I cured it with insta cure no. 1. When I started making jerky 6-7 years ago, I started with Kutas' recipe for the basis and have just modified it according to the flavor I wanted each time.


----------



## zzerru (Nov 29, 2012)

Took around 27 hours to get the sausage finished due to cold temps outside, so I was doing it in batches. Slightly sweet from hickory/cherry blend and hard cider in the water pan. Very tasty!































Thanks for watching.


----------



## diesel (Nov 29, 2012)

Nice job.  And great pictures.  

Aaron.


----------



## shoneyboy (Nov 29, 2012)




----------



## redheelerdog (Nov 29, 2012)

Really Nice  
	

	
	
		
		



		
		
	


	





 Looks fantastic!


----------



## driedstick (Nov 30, 2012)

Looks great - Good job


----------



## bluebombersfan (Nov 30, 2012)

NICE!!!  Great job!!!  Did you use a kit for the Summer Sausage?


----------



## zzerru (Nov 30, 2012)

I use the recipe from Kutas. I once tried a "German Sausage" kit from Cabelas when i was first staring out. It was so bland i've never tried using a kit again. Every time my jar of seasoning blend gets low i refill it after making sausage and that helps me save time/hassle/errors because i dont have to measure each ingredient.


----------



## bluebombersfan (Dec 1, 2012)

zzerru said:


> I use the recipe from Kutas. I once tried a "German Sausage" kit from Cabelas when i was first staring out. It was so bland i've never tried using a kit again. Every time my jar of seasoning blend gets low i refill it after making sausage and that helps me save time/hassle/errors because i dont have to measure each ingredient.

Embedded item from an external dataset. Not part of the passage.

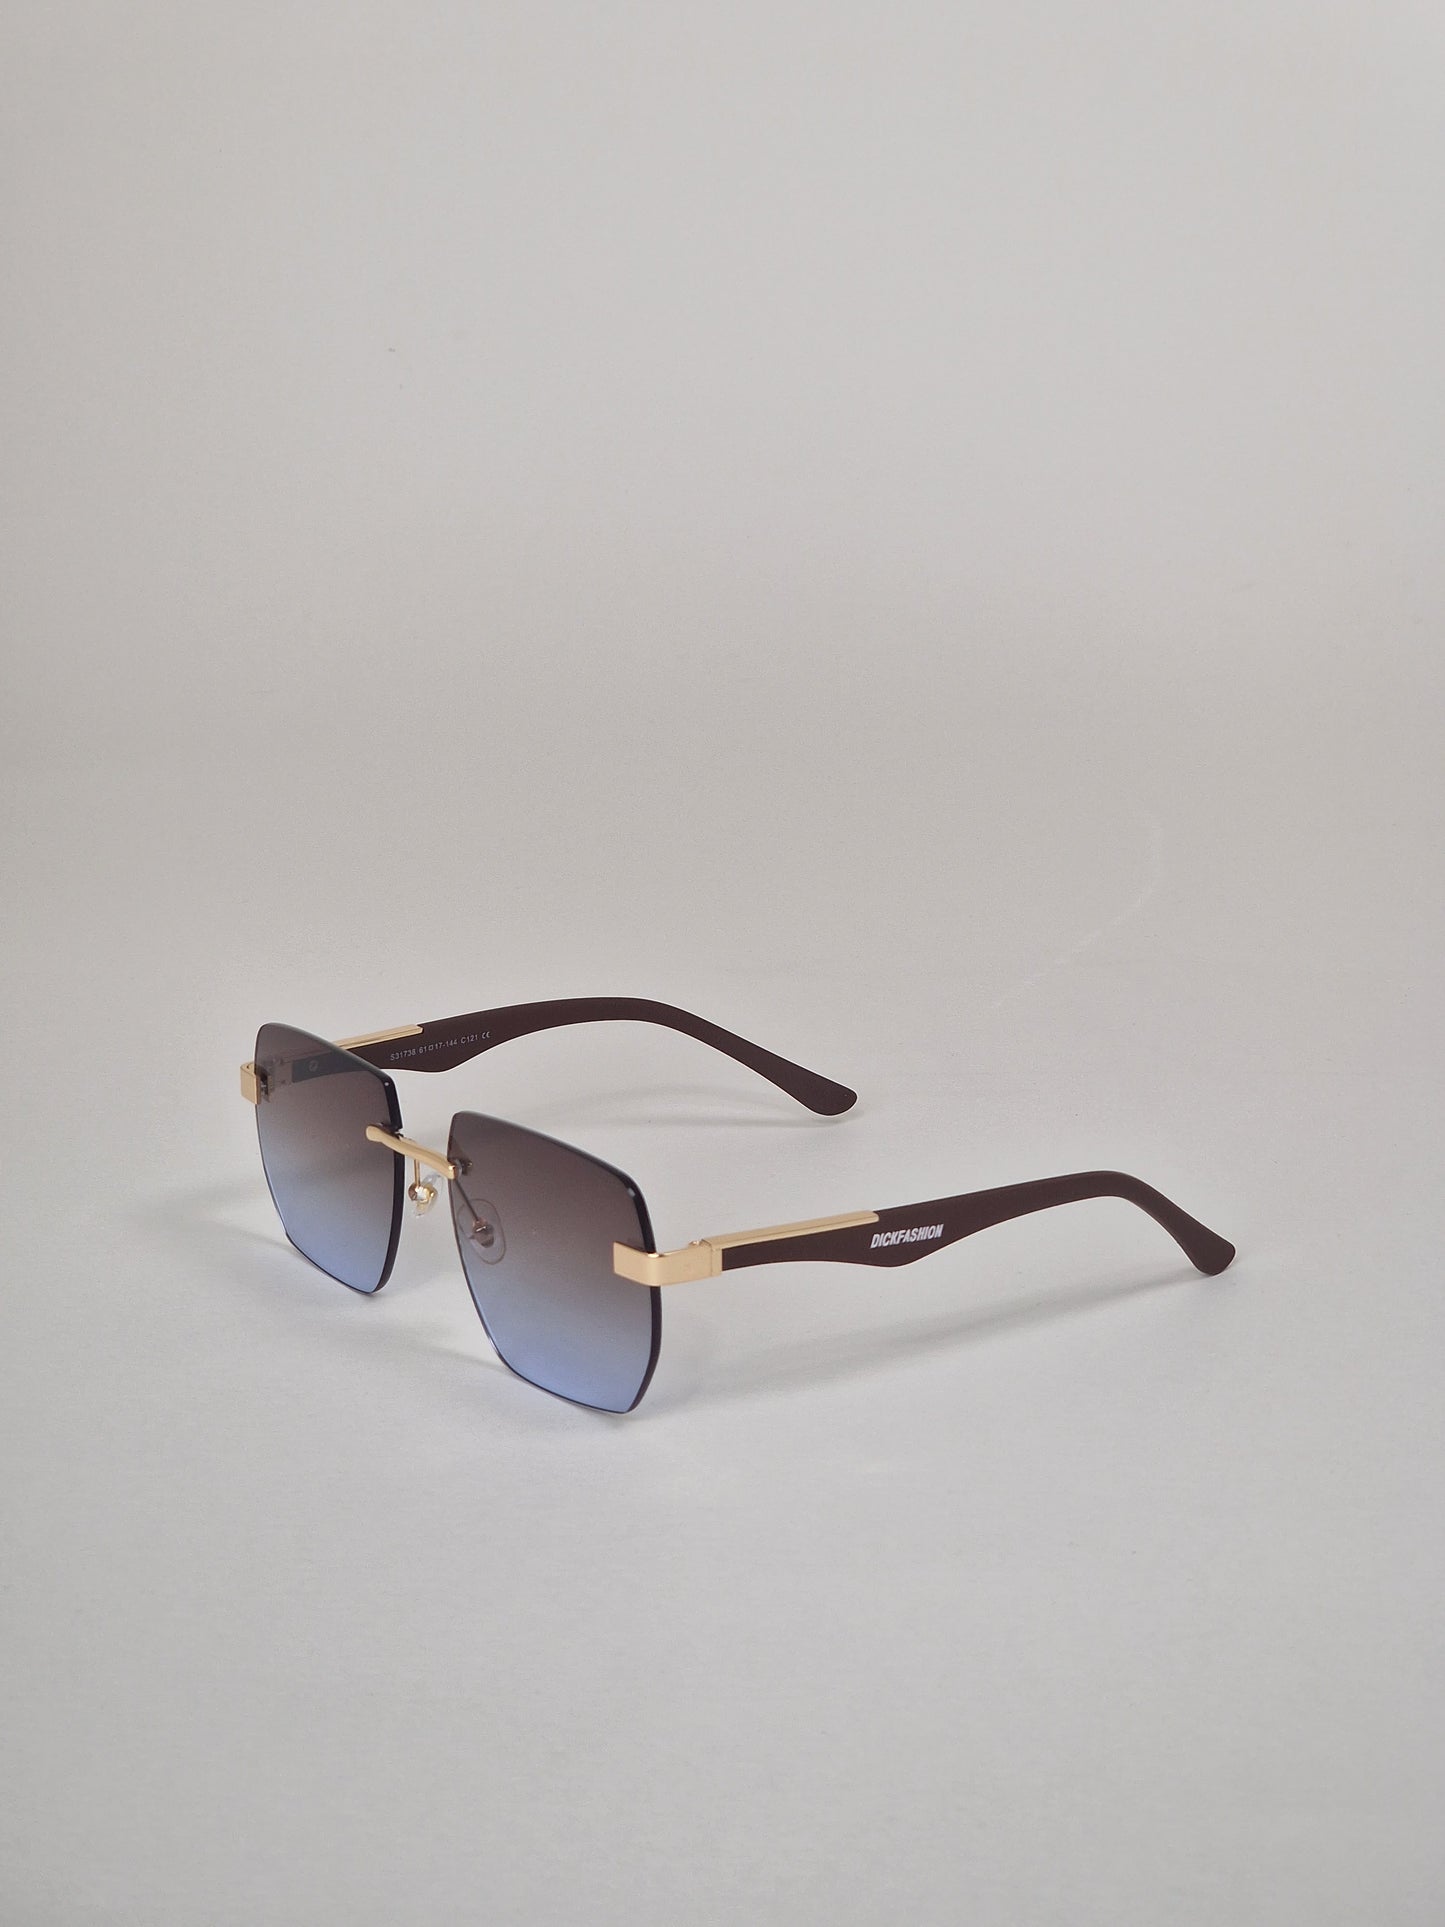 Solglasögon, modell 4 - Brun/blå Tintade.

Is that the Smoked Venison Summer Sausage recipe?


----------



## shannon127 (Dec 1, 2012)

zzerru said:


> Took around 27 hours to get the sausage finished due to cold temps outside, so I was doing it in batches. Slightly sweet from hickory/cherry blend and hard cider in the water pan. Very tasty!
> 
> 
> 
> ...


Now that looks amazing!!!


----------



## zzerru (Dec 2, 2012)

Yep, that recipe with some modifications.


----------